Backward call produces RuntimeError at the second iteration

user111 · March 24, 2019, 4:54pm

Hello. I am not sure why my code produces the error. I dont think that I should use the retain_graph=True feature but I am not sure how else to fix my problem.

It works good the first time but for some reason it tries to go to the old graph even though I calculate all tensors from the loss function new. I would assume that the problem is because of the Trajectory object (net_outcome_values and net_probs have required_grad=True), but I am not sure how to fix it. Any help is greatly appreciated!
Error: RuntimeError: Trying to backward through the graph a second time, but the buffers have already been freed. Specify retain_graph=True when calling backward the first time.

Kushaj · March 26, 2019, 10:50am

It is pytorch fault for this. When you call .backward() pytorch deleted all the intermediate results, so as to preserve memory, which also results in the deletion of the computation graph. In your example you first created your computation graph, then you called lossfn.backward(), after that you don’t have the graph and so not gradients can flow.

To avoid this situation you should use retain_graph=True at the last step i.e. lossfn.backward(retain_graph=True), just remember to zero your gradients before that.

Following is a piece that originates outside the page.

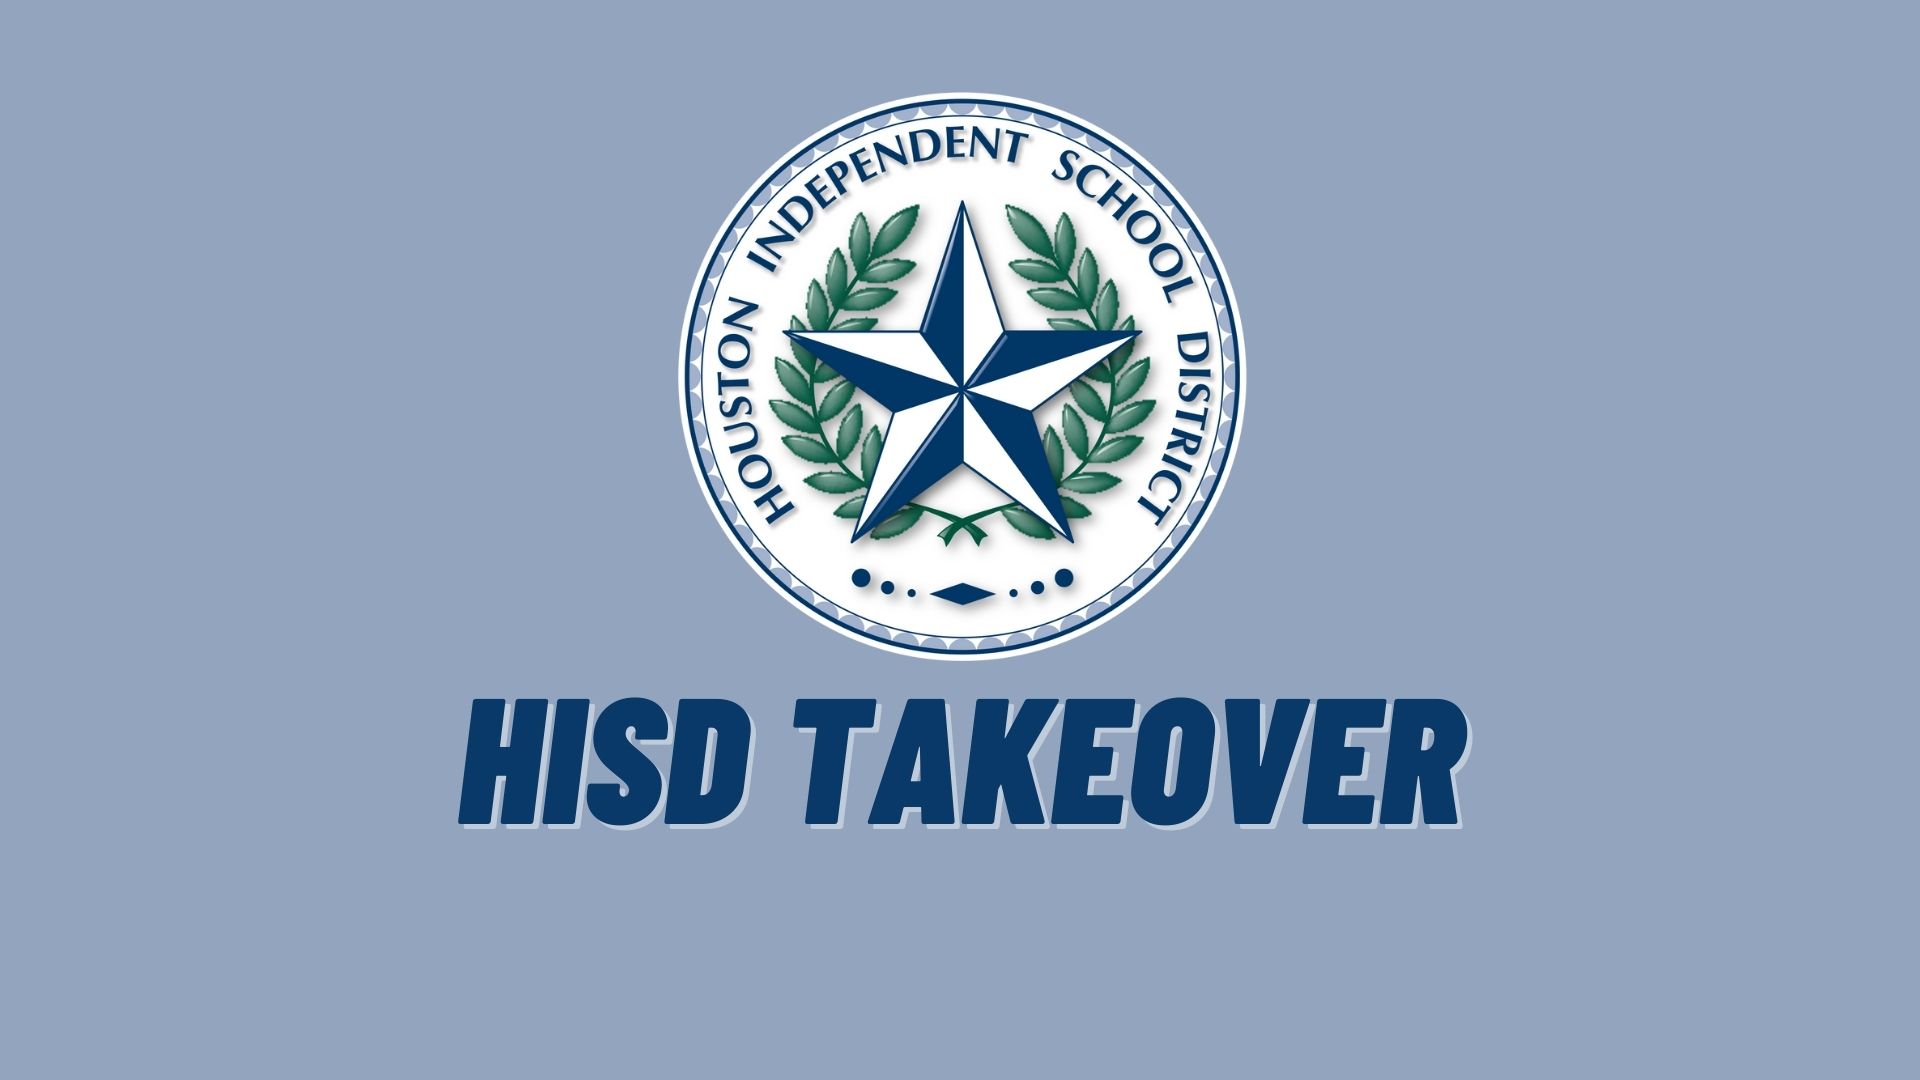 Light blue background with Houston Independent School District logo in the center and the text "HISD TAKEOVER" underneath.

user111 · March 30, 2019, 1:54pm

Hey, so the problem is that I only take a part of the net_outcome_values. So when I want to take another batch of that tensor pytorch already backpropagated through that and the error is thrown. I solved the problem by calculating each v and the net_probs directly there and dont save them earlier in my program.
Still, the question remains: If I have a problem where I need to save the network outputs earlier and want to sample them in batches, is my only option to use retain_graph=True ? Is there even such a use case?
I tried retain_graph=True but the time stacked up so fast to a point where it was not possible to use this method.
Thanks for your answer though, really appreciate it!